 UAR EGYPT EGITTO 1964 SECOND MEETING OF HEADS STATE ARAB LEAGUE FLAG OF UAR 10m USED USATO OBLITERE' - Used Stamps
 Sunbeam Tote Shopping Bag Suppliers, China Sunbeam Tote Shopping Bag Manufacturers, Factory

——

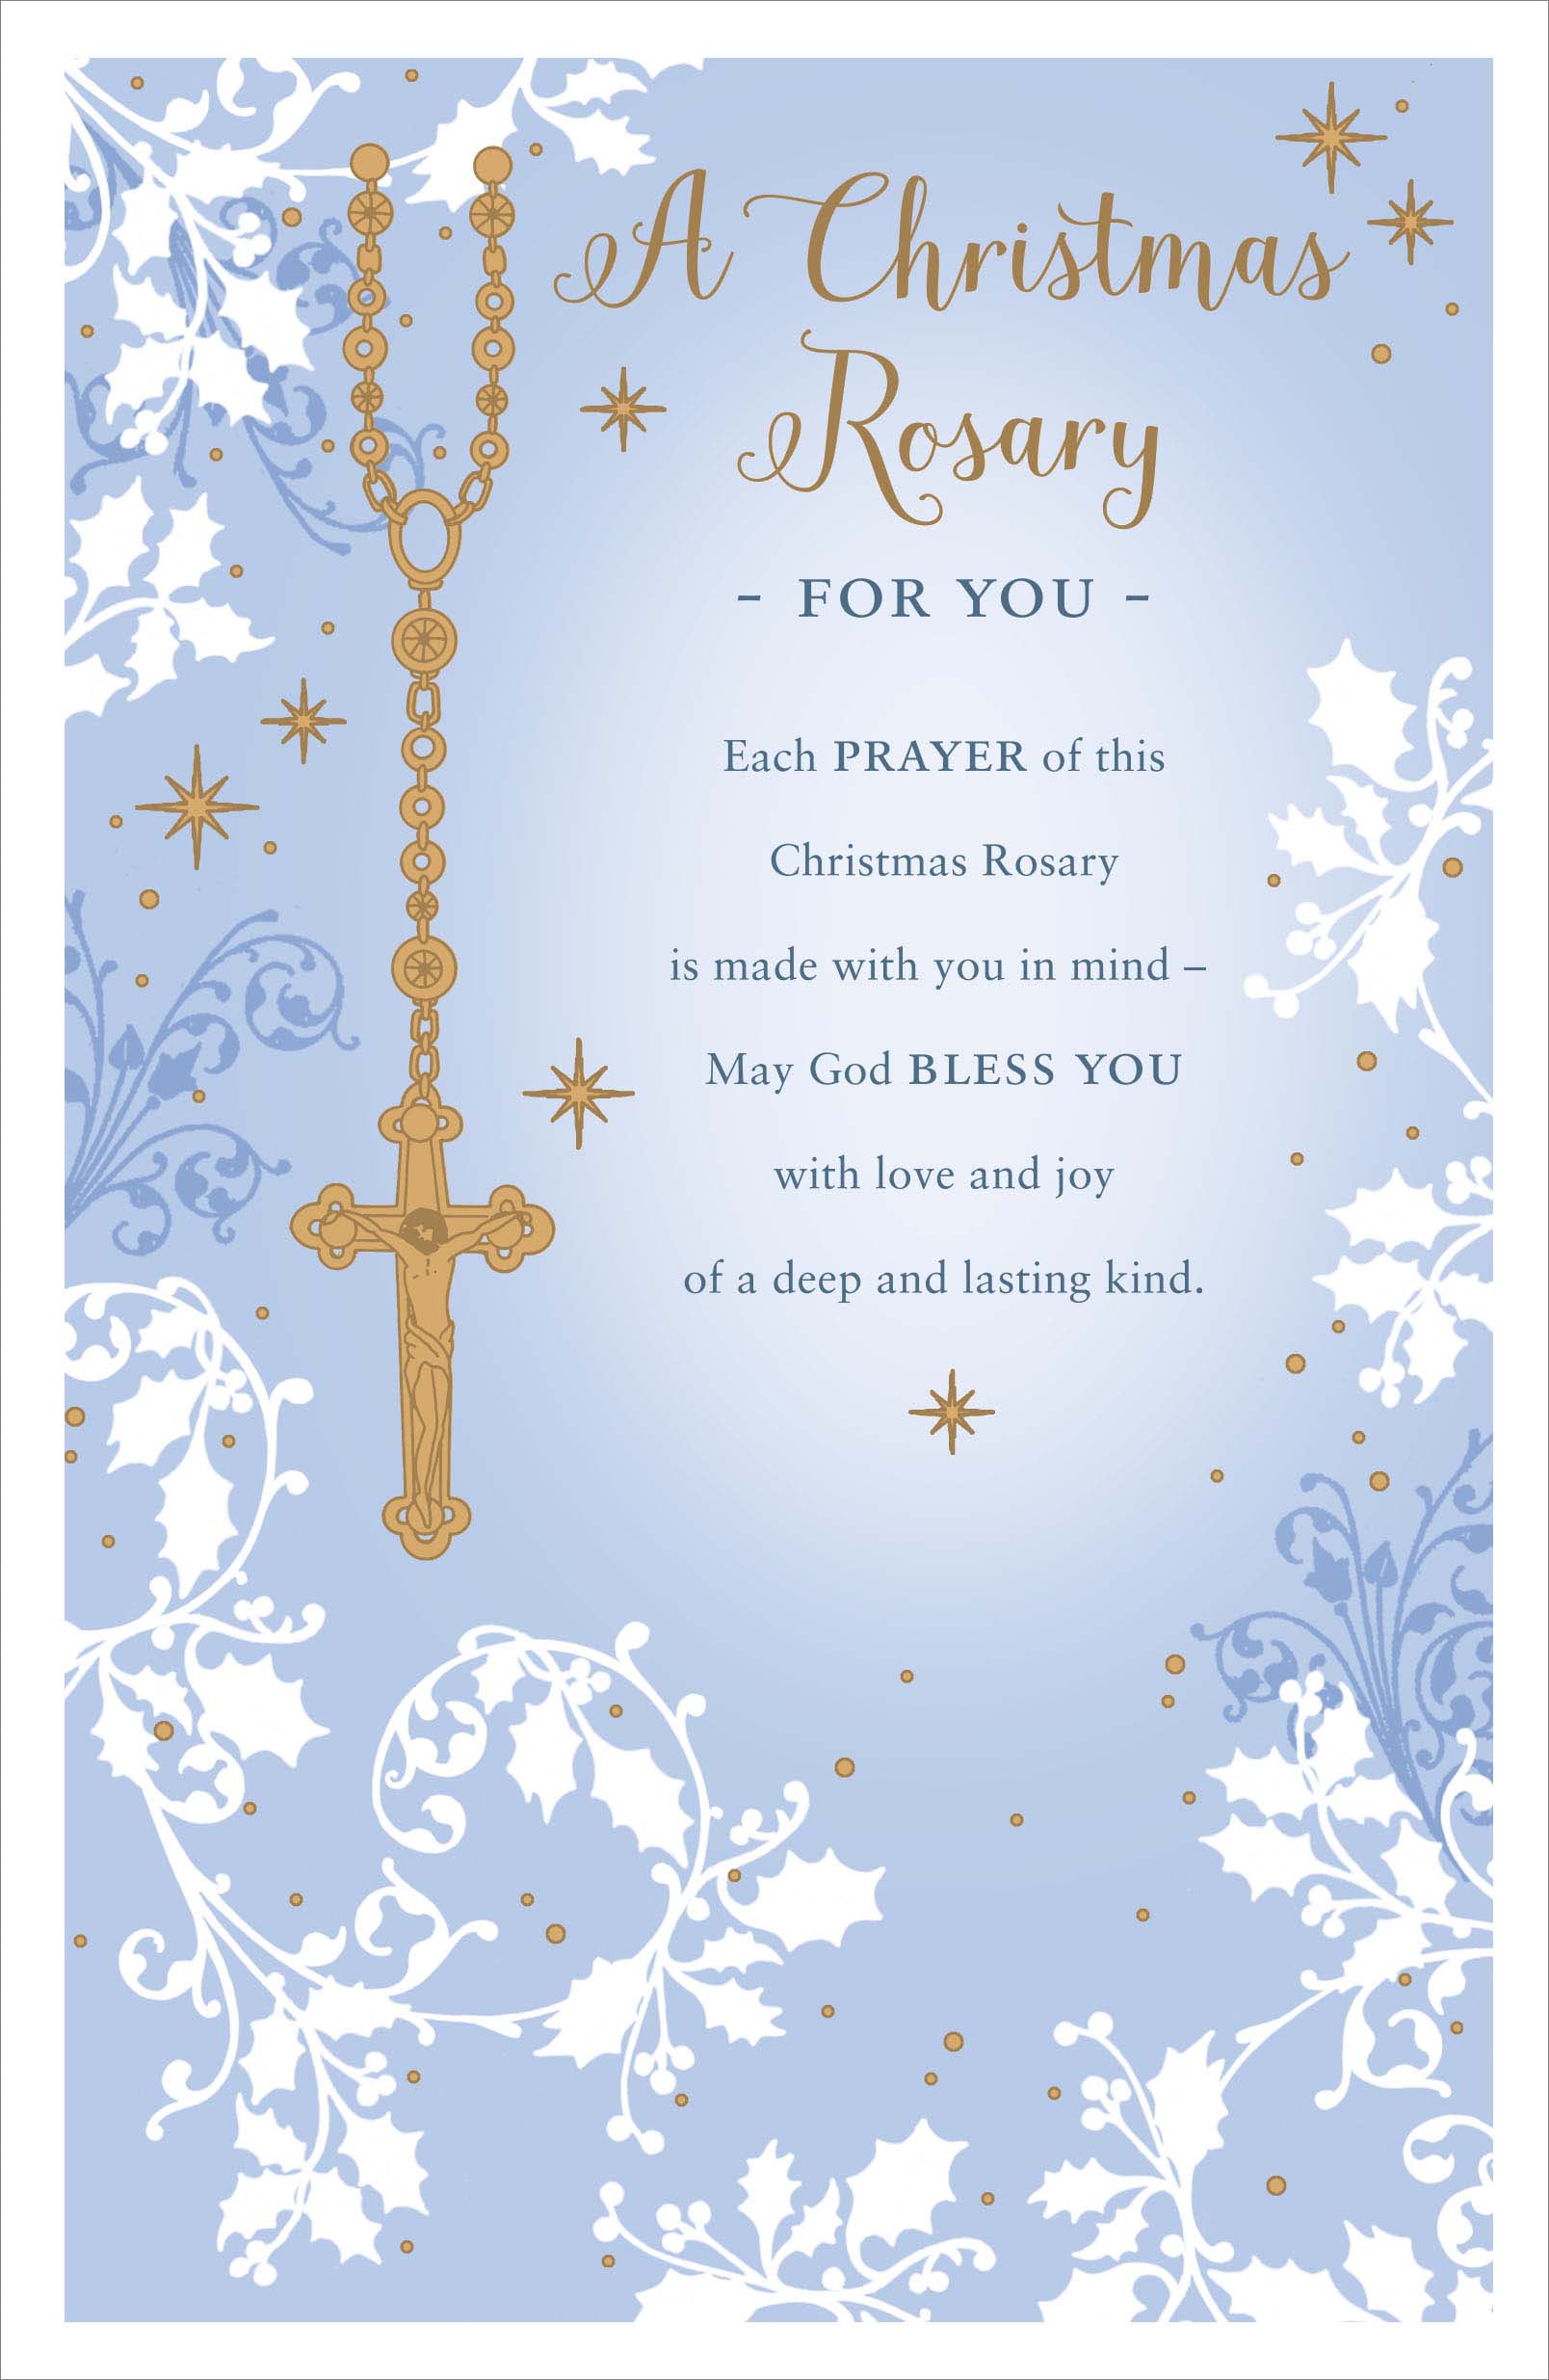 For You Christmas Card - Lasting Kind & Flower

——

Work item:
Among the entries above, the line containing "UAR EGYPT EGITTO", the line containing "Sunbeam Tote Shopping Bag Suppliers, China", and all lines between them are to be restated word for word; nothing else belongs in the reply.

Exercise answer:
 UAR EGYPT EGITTO 1964 SECOND MEETING OF HEADS STATE ARAB LEAGUE FLAG OF UAR 10m USED USATO OBLITERE' - Used Stamps
 Sunbeam Tote Shopping Bag Suppliers, China Sunbeam Tote Shopping Bag Manufacturers, Factory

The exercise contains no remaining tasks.